## WORK ORDER
In the material below, find the line containing "ASIAN ART on" and the line containing "Shotgun release new". Output those two lines and all lines between them exactly, without pictures.

## GIVEN INFORMATION
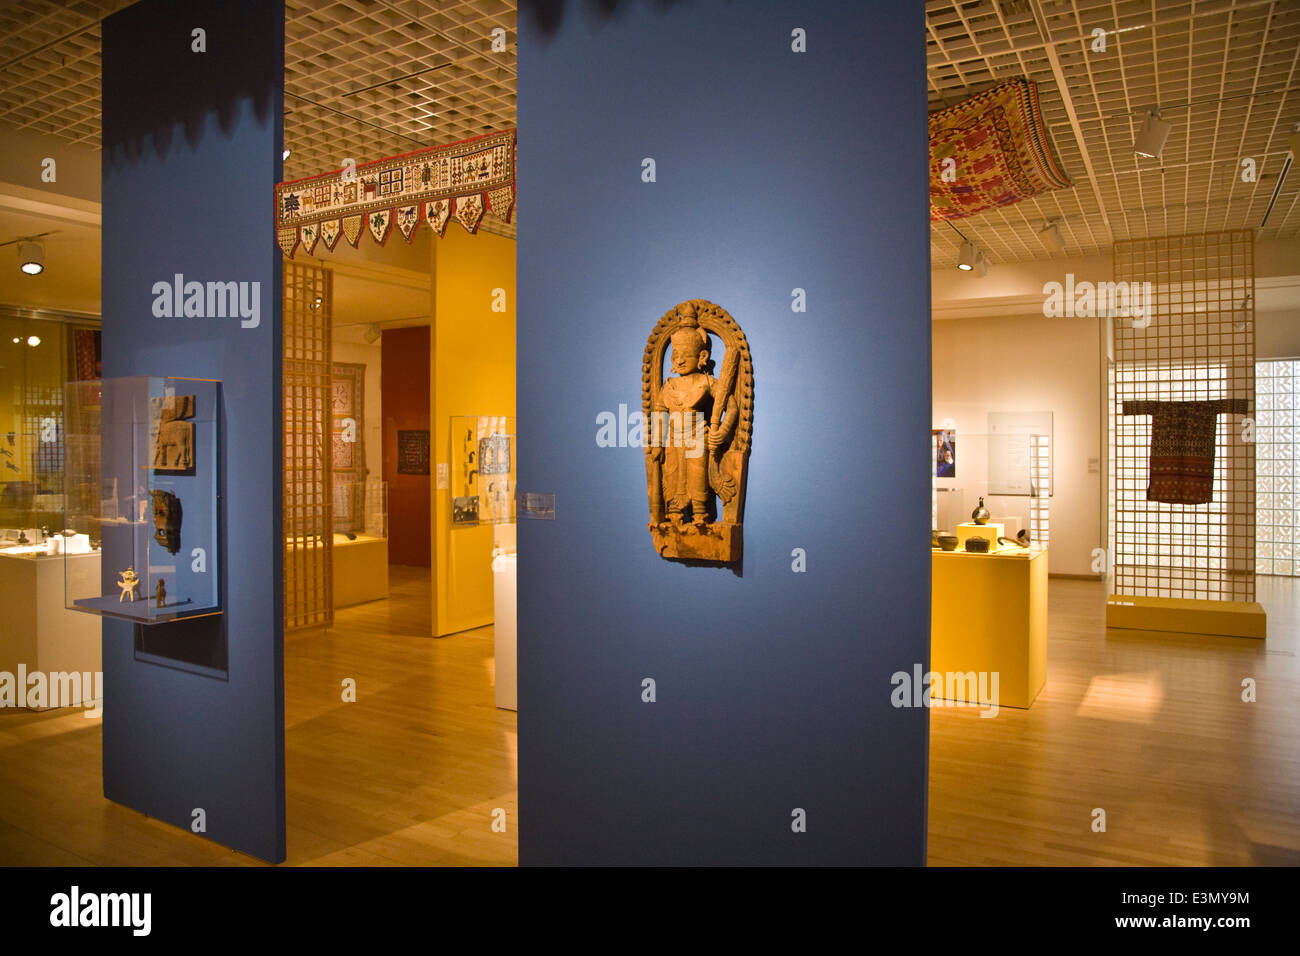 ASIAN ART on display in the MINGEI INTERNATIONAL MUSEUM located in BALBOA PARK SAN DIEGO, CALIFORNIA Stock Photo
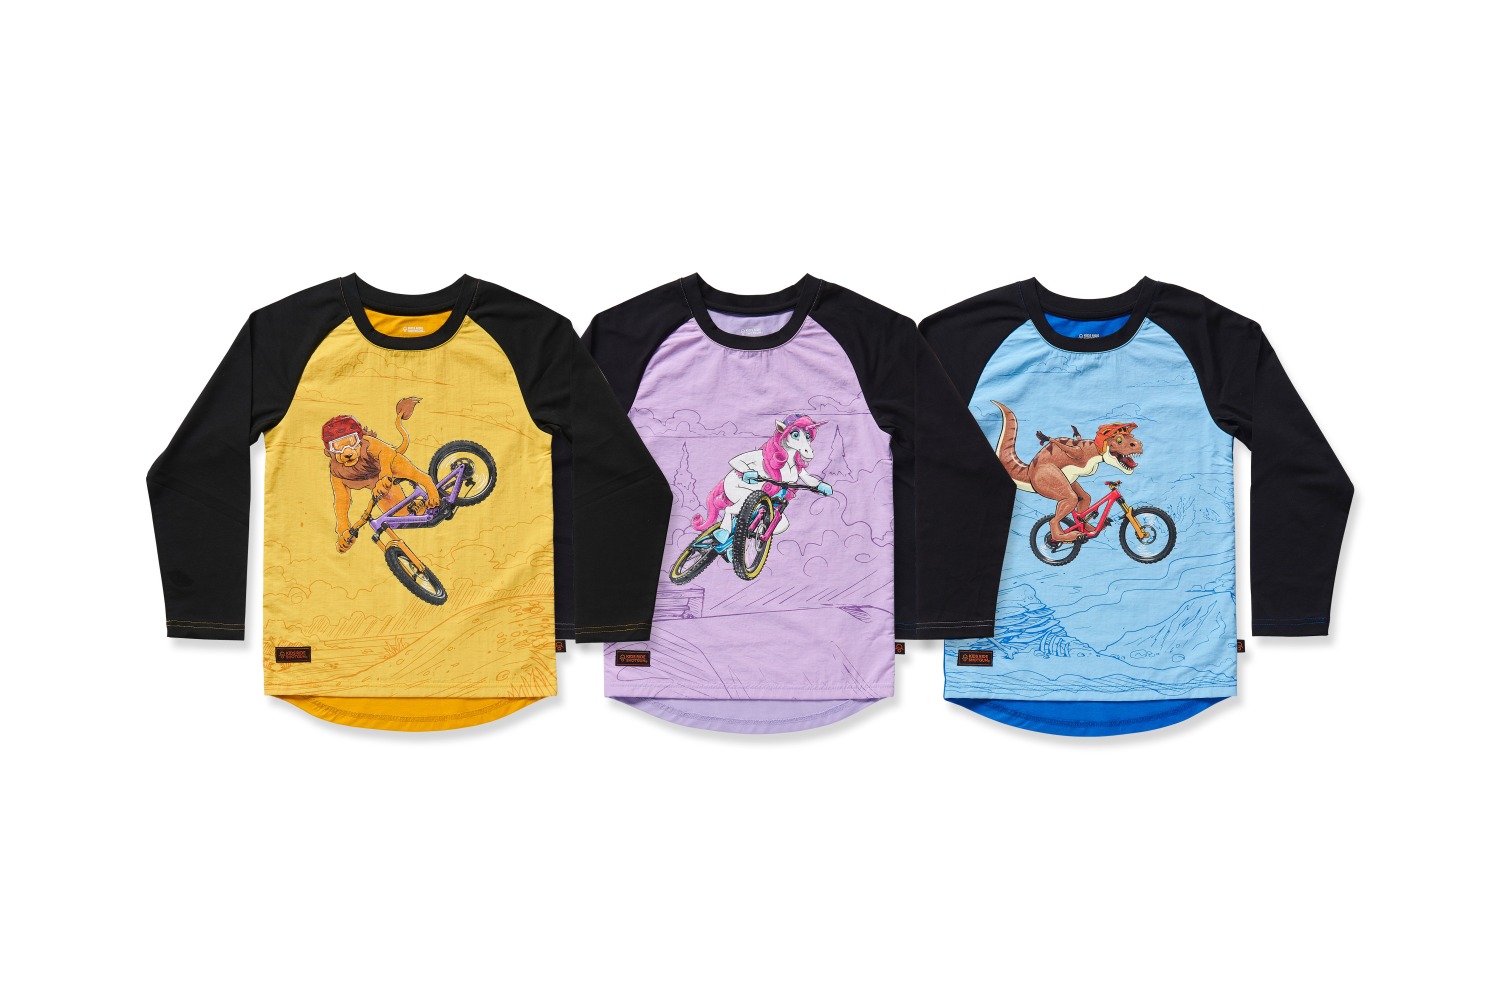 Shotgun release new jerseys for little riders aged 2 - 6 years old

...

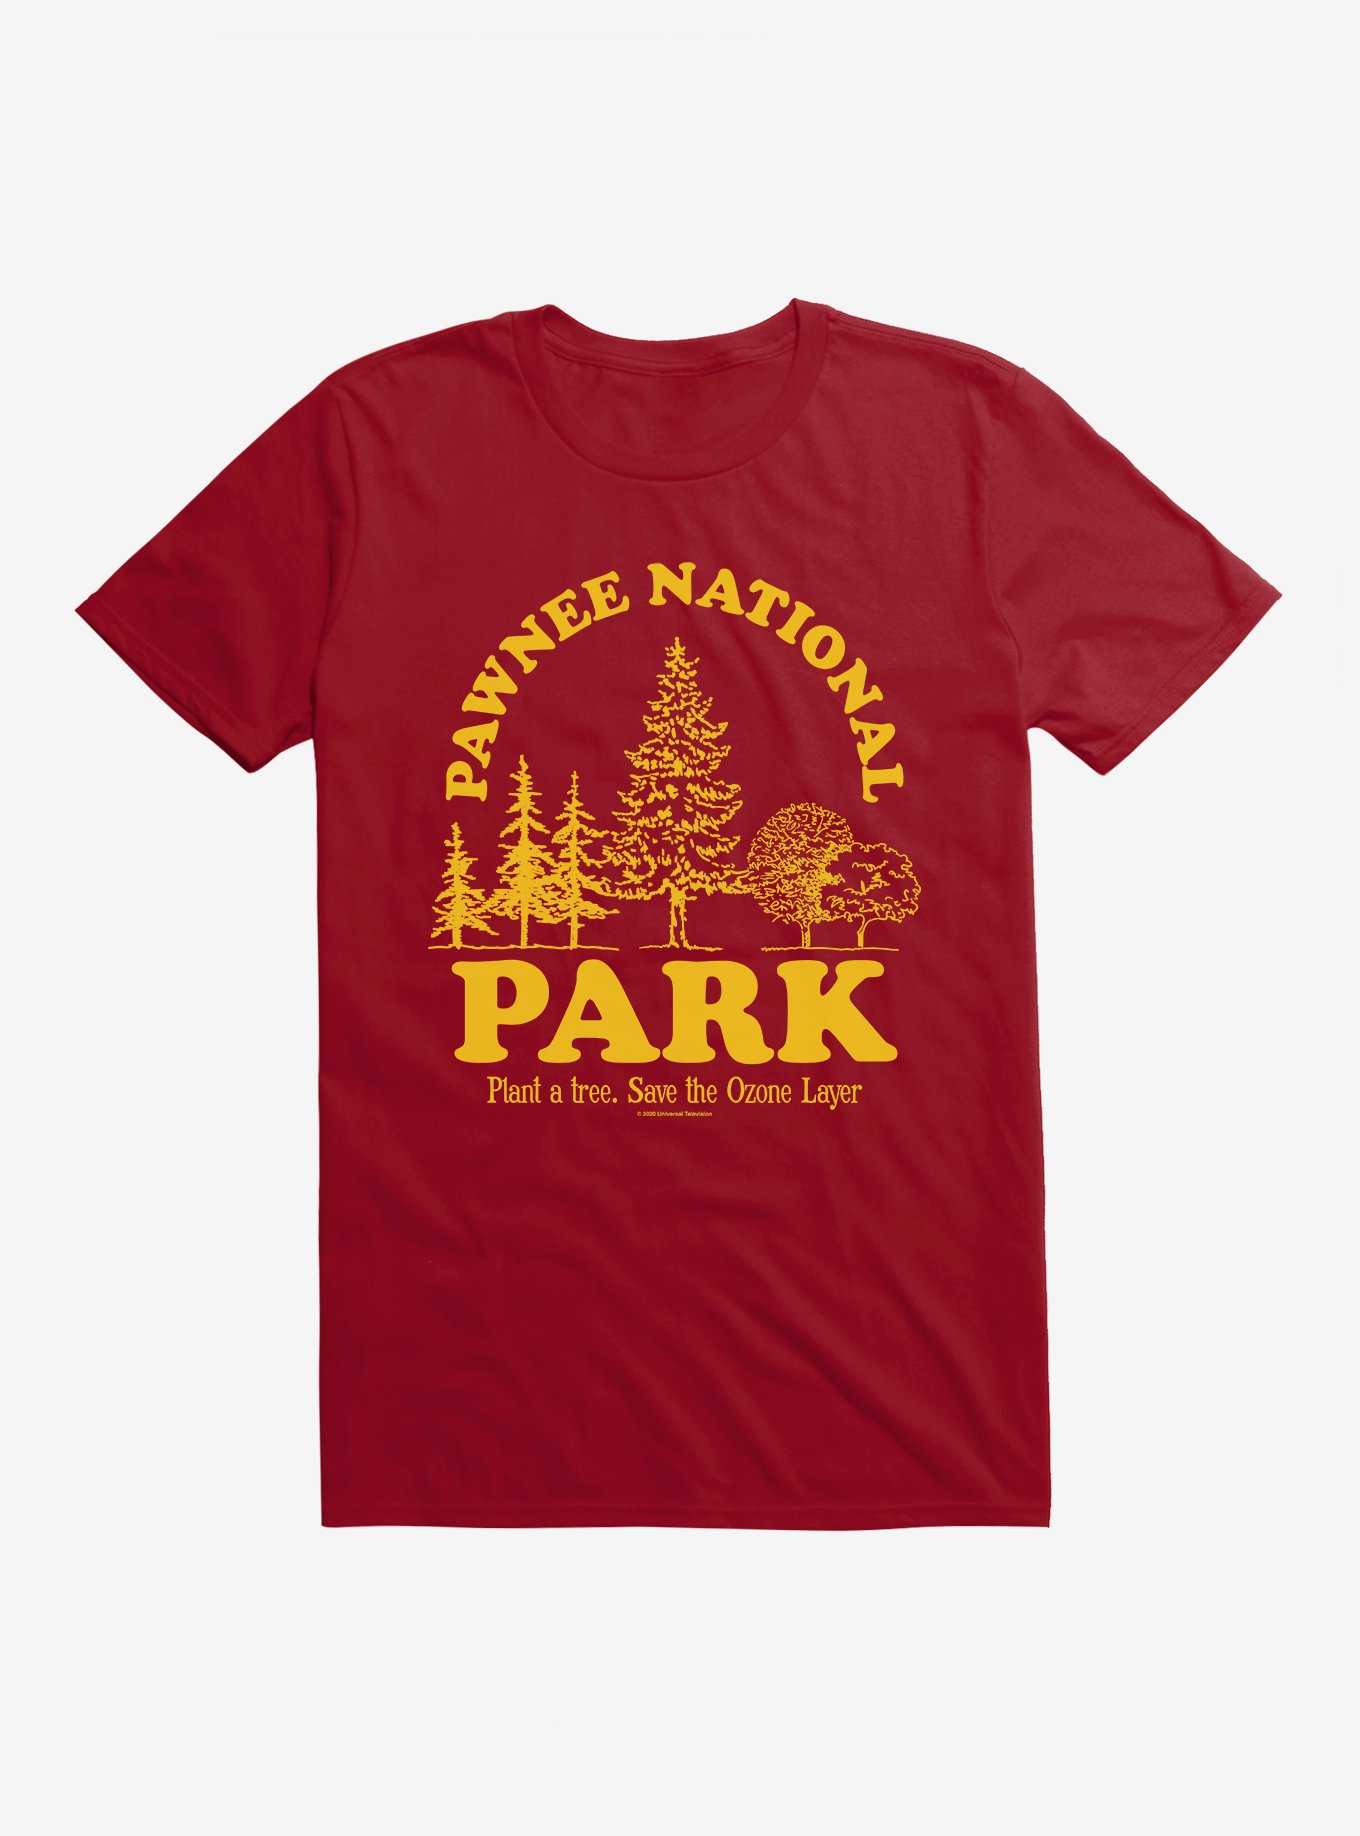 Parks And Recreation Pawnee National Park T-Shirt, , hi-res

--

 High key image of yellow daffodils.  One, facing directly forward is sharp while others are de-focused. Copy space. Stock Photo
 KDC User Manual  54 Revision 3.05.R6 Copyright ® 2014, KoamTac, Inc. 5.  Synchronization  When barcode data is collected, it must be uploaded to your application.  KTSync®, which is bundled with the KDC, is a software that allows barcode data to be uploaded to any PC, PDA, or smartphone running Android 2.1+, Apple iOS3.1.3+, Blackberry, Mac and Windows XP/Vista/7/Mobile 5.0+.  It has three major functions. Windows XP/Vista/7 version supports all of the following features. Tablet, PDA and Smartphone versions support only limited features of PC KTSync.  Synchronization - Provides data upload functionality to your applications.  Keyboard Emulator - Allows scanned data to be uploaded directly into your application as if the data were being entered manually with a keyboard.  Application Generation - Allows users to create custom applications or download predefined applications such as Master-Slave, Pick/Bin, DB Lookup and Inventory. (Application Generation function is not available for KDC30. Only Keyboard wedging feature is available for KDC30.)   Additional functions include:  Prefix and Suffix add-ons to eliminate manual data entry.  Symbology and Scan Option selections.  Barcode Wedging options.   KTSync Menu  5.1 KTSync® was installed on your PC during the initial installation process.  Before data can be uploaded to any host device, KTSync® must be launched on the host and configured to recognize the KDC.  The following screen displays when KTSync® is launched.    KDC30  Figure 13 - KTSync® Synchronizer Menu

## RESULT
 ASIAN ART on display in the MINGEI INTERNATIONAL MUSEUM located in BALBOA PARK SAN DIEGO, CALIFORNIA Stock Photo
 Shotgun release new jerseys for little riders aged 2 - 6 years old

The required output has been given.